[Data shown — start]

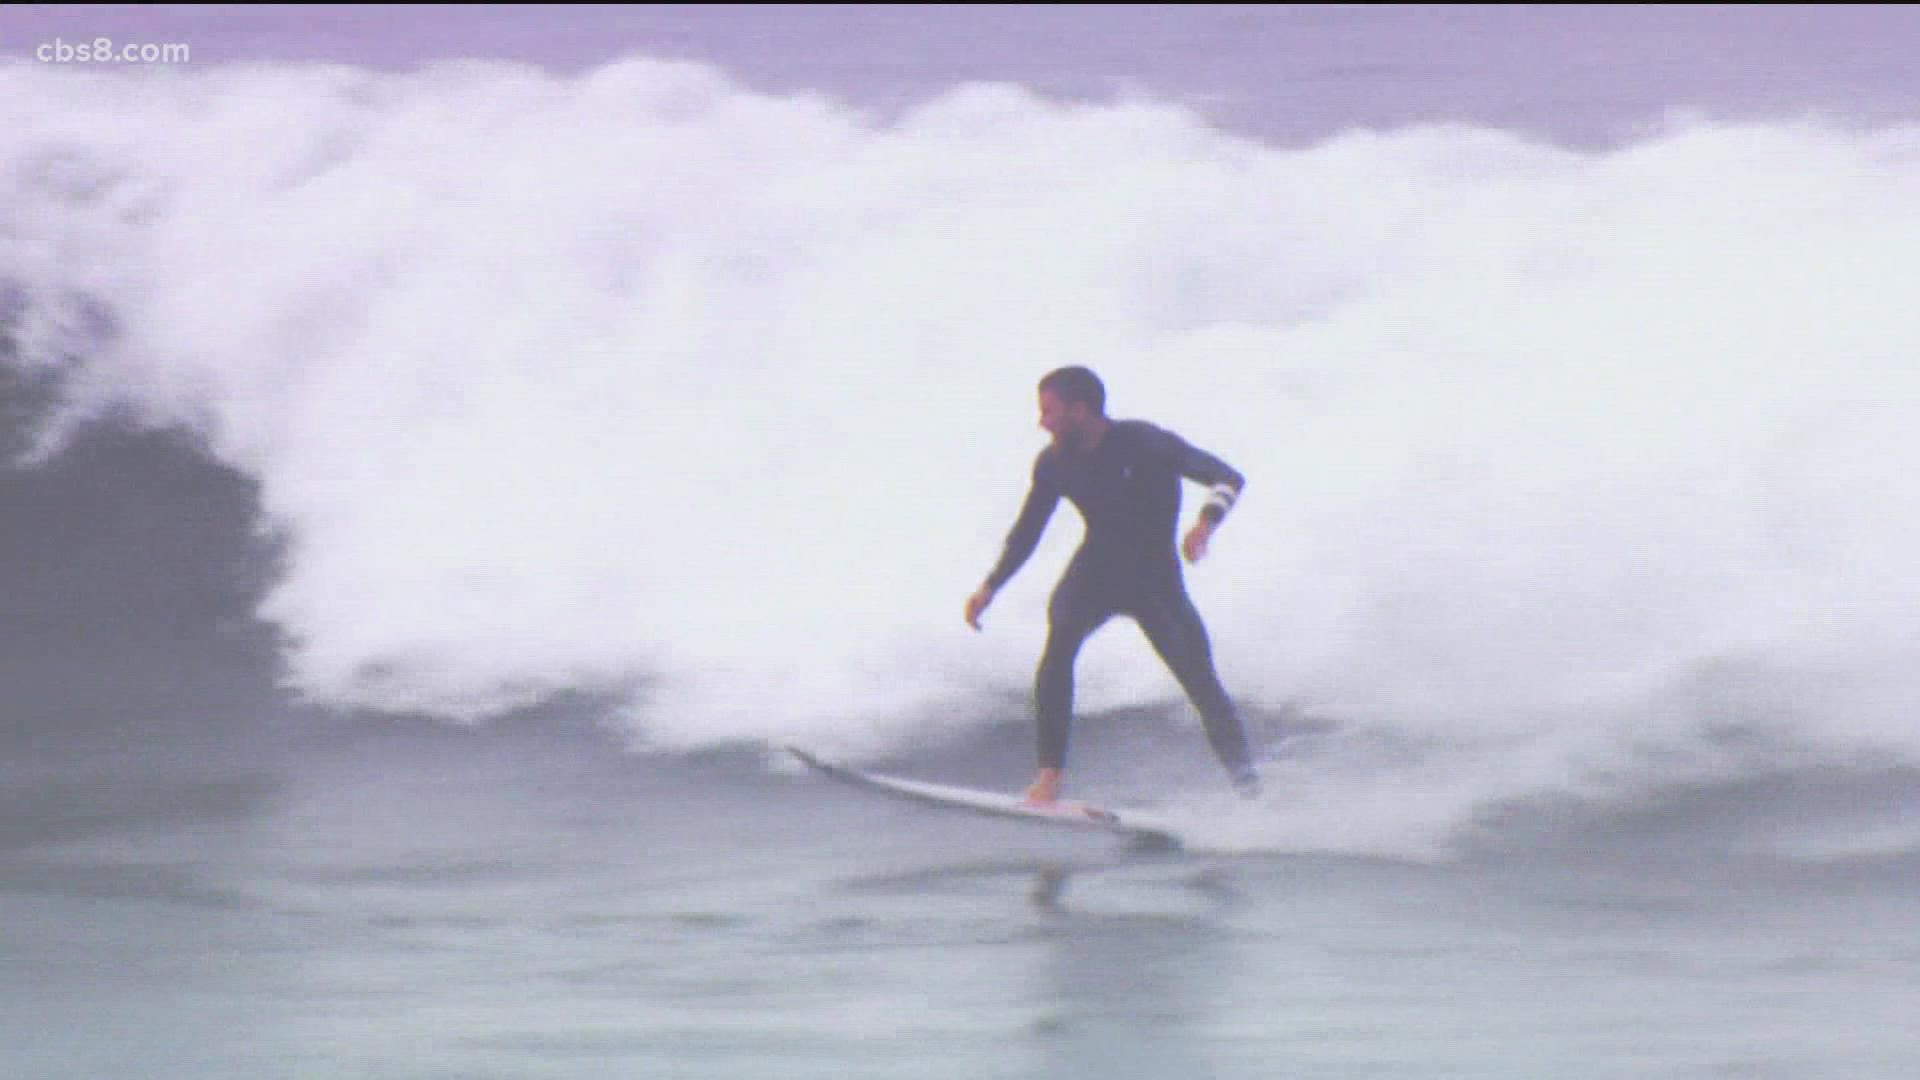 The best Surfer in the world are at Trestles Beach in northern San Diego County for the World Championship.
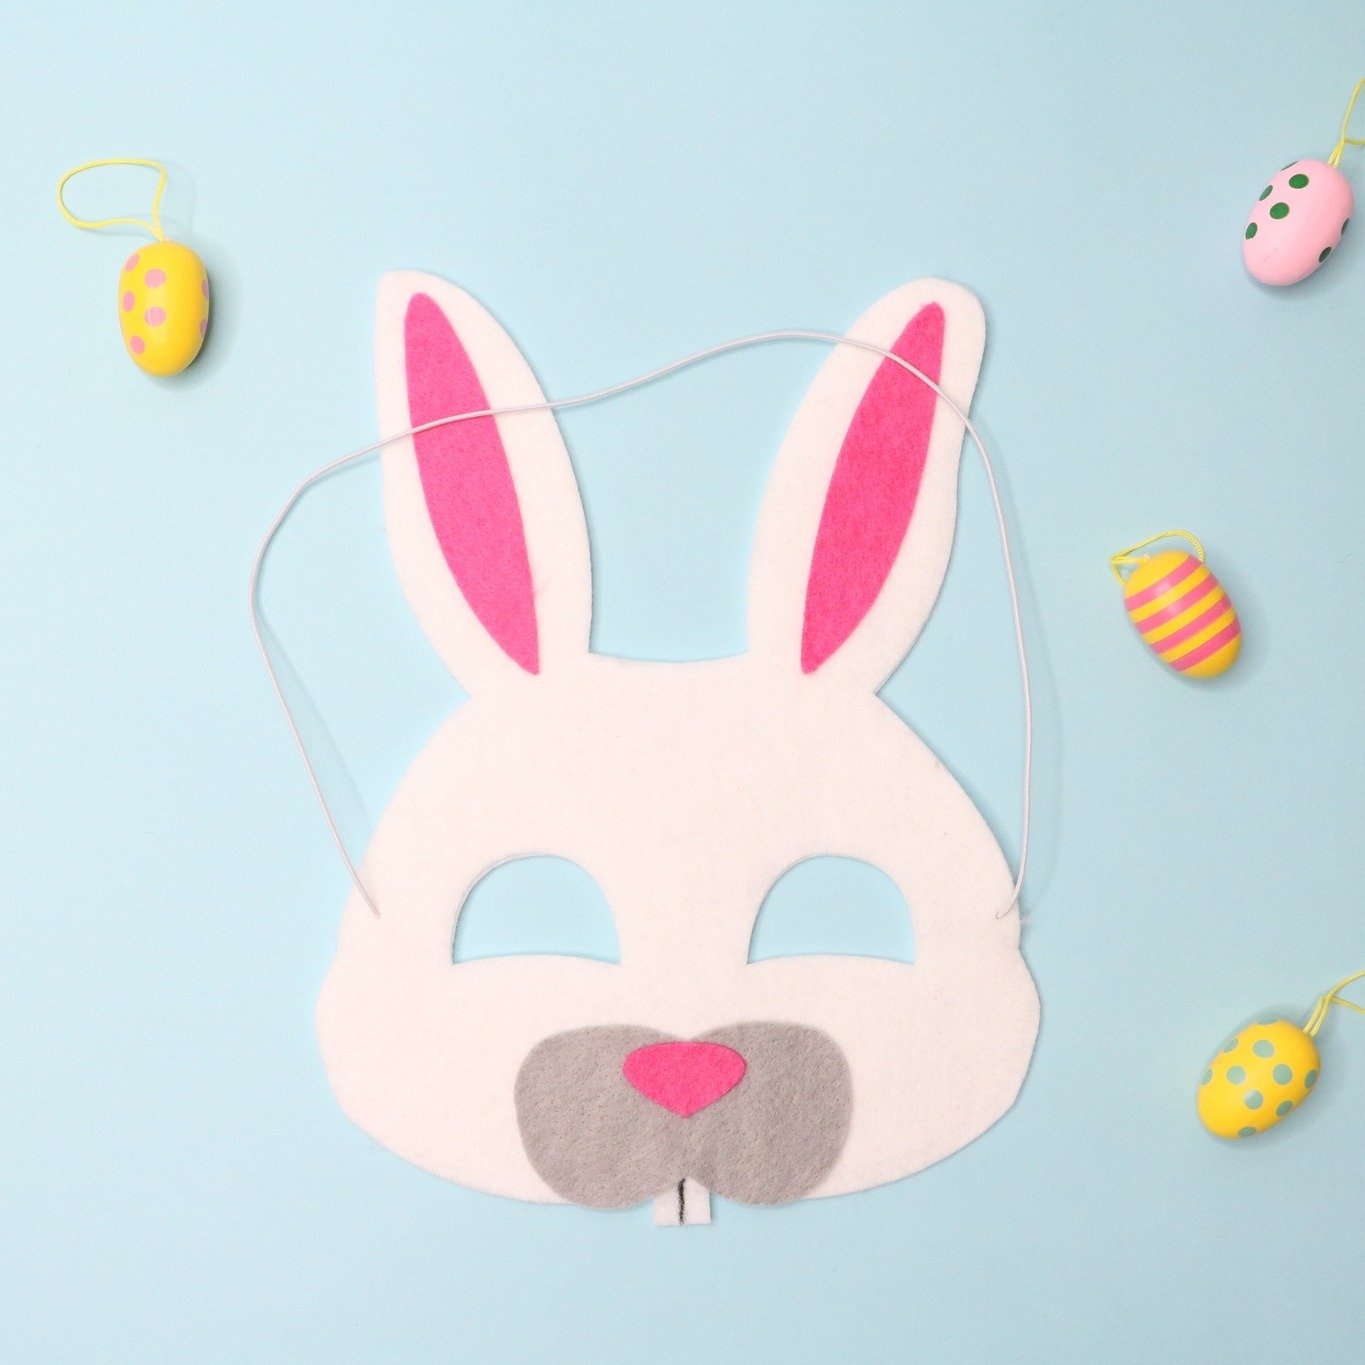 Who says you need sewing skills to make a creative and fun face mask? My FREE Bunny Mask Template and step-by-step instructions make it quick and easy to create a cute and festive Felt Bunny Rabbit Face Mask 🐰. Perfect for Easter 🐇🐣
https://www.fu

[Data shown — finish]

When you retype the material above, copy each line exactly and drop whatever images appear in it.

 The best Surfer in the world are at Trestles Beach in northern San Diego County for the World Championship.
 Who says you need sewing skills to make a creative and fun face mask? My FREE Bunny Mask Template and step-by-step instructions make it quick and easy to create a cute and festive Felt Bunny Rabbit Face Mask 🐰. Perfect for Easter 🐇🐣
https://www.fu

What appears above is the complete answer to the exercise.